During the 2005 – 2009 period EL AL continued regularly scheduled passenger service to about 36 to 40 destinations.  Management focused its attention on enhancing existing routes by adding flight frequencies rather than starting service to additional points.  It determined that more flights per week to a given destination increase the airline’s attractiveness, particularly to business travelers, when compared to others serving the same route.  Accordingly, frequency increased to such destinations as New York, Los Angeles, Toronto, Mumbai and Hong Kong.

The only significant new destination during this period was Sao Paulo, Brazil, initiated in May 2009 – EL AL’s first service to South America.  Flights to London’s Heathrow Airport were also supplemented by flights starting May 2009 to West London’s Luton Airport.

EL AL’s inaugural flight to Sao Paulo, Brazil, operated nonstop by its Boeing 777-200ER, 4X-ECB, arrives at Guarulhos Airport with a water cannon salute and Brazilian and Israeli flags waving from the flight deck windows, 3 May 2009.

On the other hand, during this period EL AL, following a review of the economic feasibility of certain of its routes, halted flights to Larnaca, Cyprus and Istanbul, Turkey (March 2007); Chicago (April 2007) and Miami (September 2008).  In each case the reason given was lack of economic feasibility, including as to Istanbul exceptionally high security costs.  In the case of Miami, due to high fuel prices at the time, the route was said to be uneconomical to operate even with a full planeload of passengers.

EL AL also continued during this period to operate flights through its wholly-owned subsidiary Sun d’Or.
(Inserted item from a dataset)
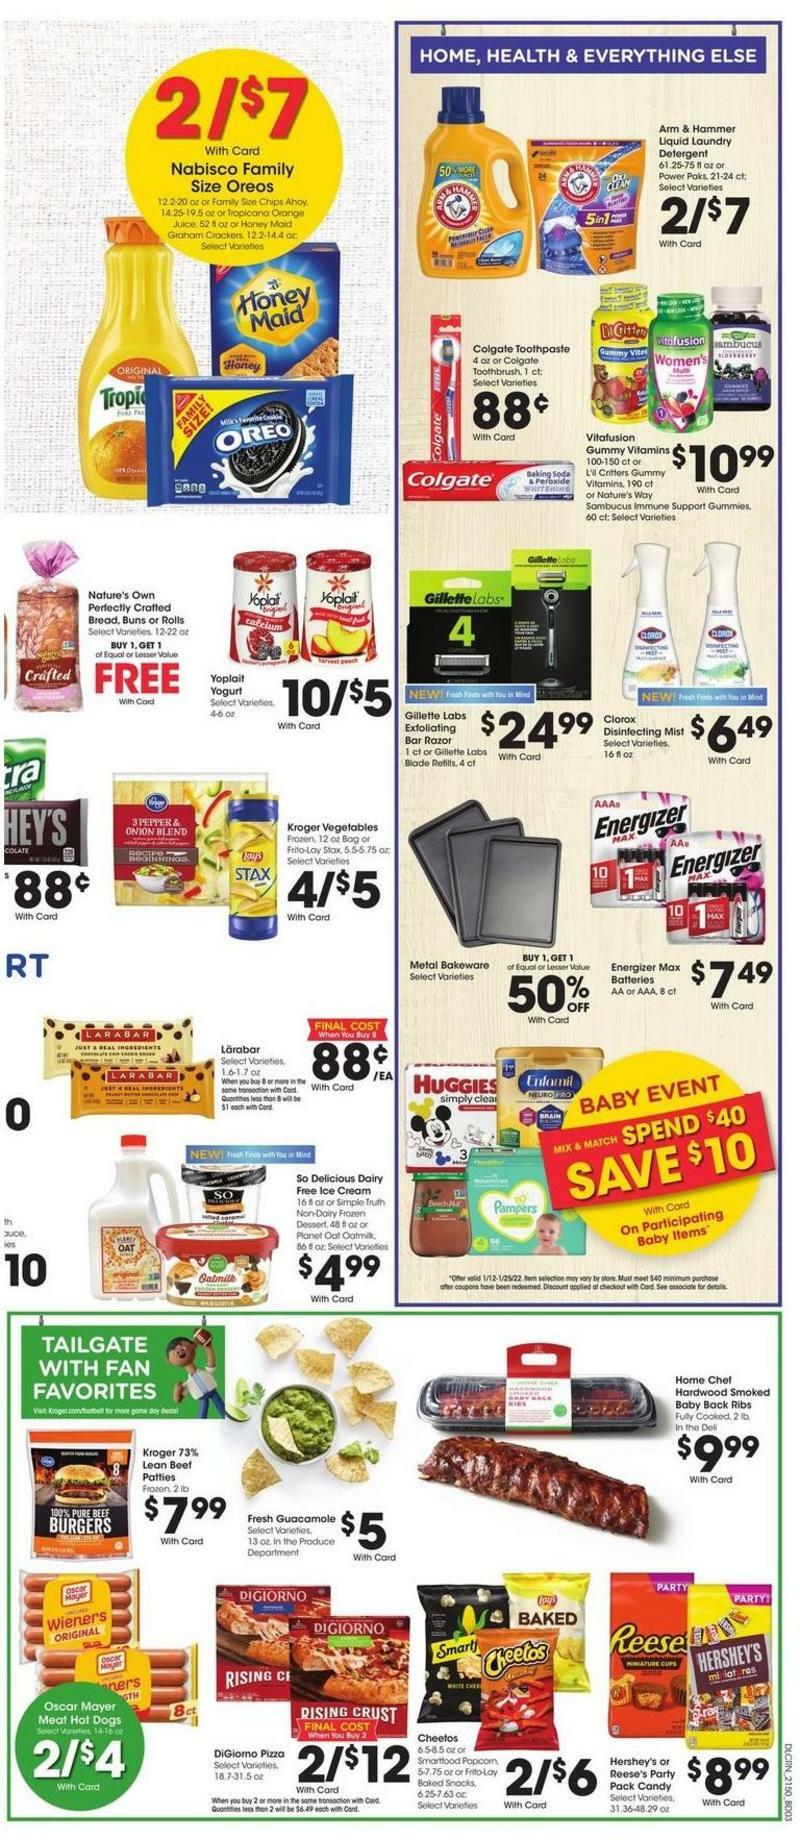 Kroger Weekly Ad from January 12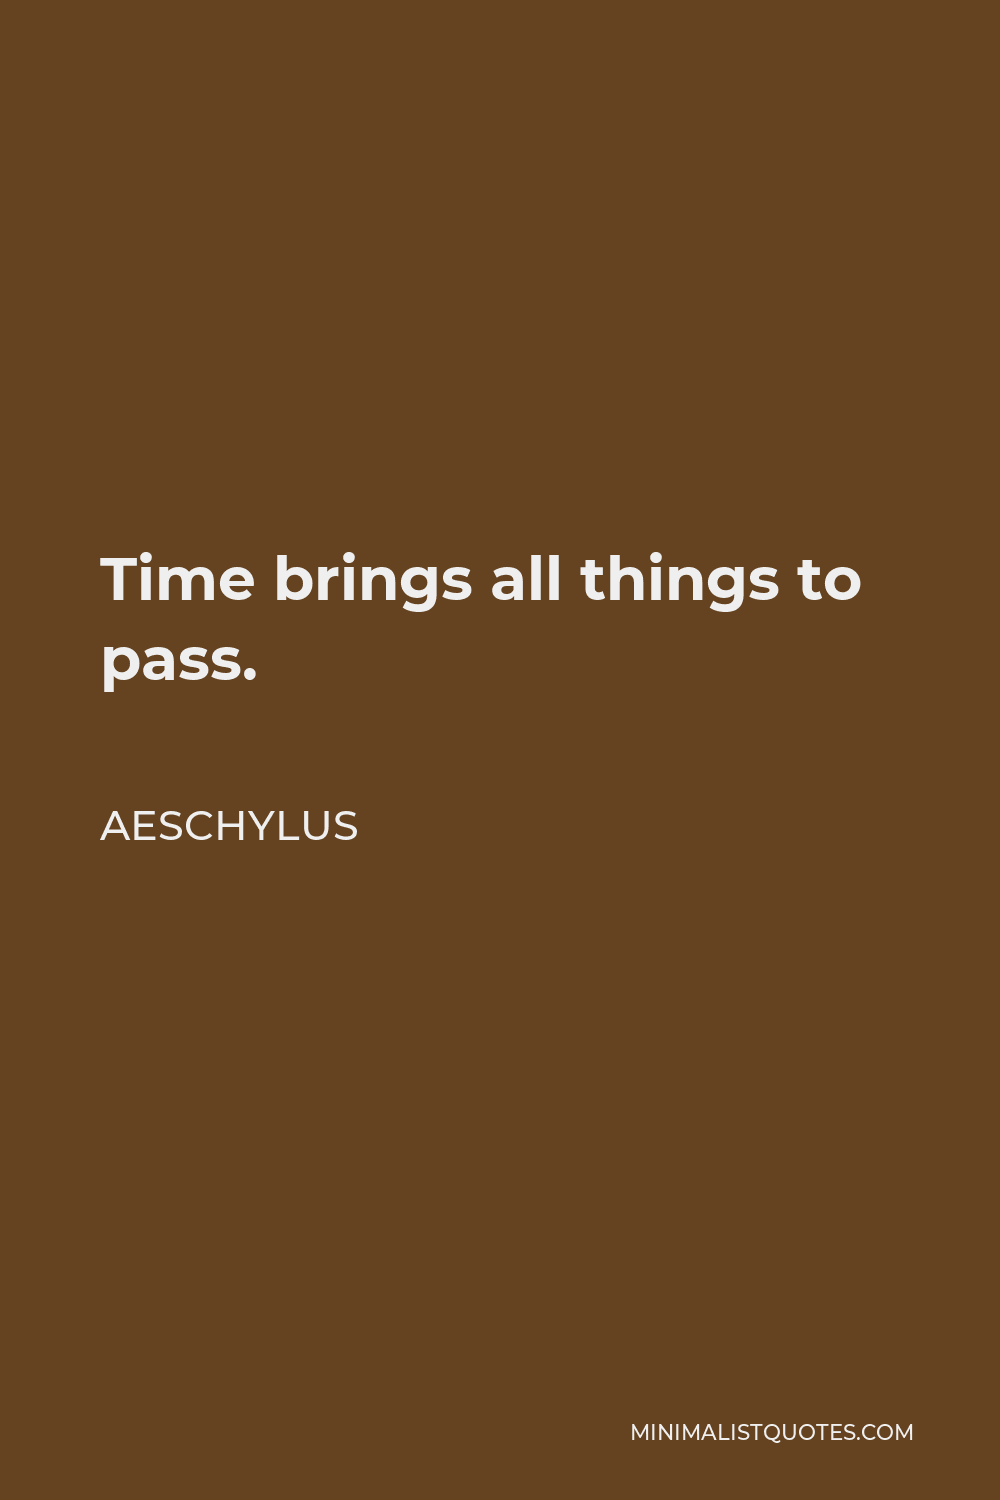 Aeschylus Quote - Time brings all things to pass.

Most of these flights were charters carried out by providing aircraft capacity to organizers of charter flights at prices agreed in advance, and the sale of blocks of seats to agents.  Sun d’Or’s charter flights are typically to holiday destinations and are operated with EL AL aircraft, usually 757s during this period, but with Sun d’Or markings. Starting in 2008 Sun d’Or (along with Israeli carriers Arkia and Israir) acquired rights to operate scheduled flights to selected destinations approved by the Israeli government.

Sun d’Or is owned entirely by EL AL and serves destinations in Europe and Asia with charter flights, and since 2008 also with scheduled service on certain government-approved routes. It utilizes EL AL aircraft, crews, maintenance and catering. Shown in a 2006 postcard is 757-200 4X-EBT at Ben-Gurion Airport. The writing on top says ‘To fly on vacation securely’.

To promote marketing and connectivity to other destinations, EL AL continued to maintain ‘code-share’ agreements with several foreign airlines.  These permit an air carrier to market flights of another air carrier to specific destinations, as if they were its own flights.  For example, in December 2007 EL AL signed a code-share agreement with American Airlines which gave EL AL’s passengers the possibility of continuing flights to over 20 major destinations of American Airlines throughout the U.S.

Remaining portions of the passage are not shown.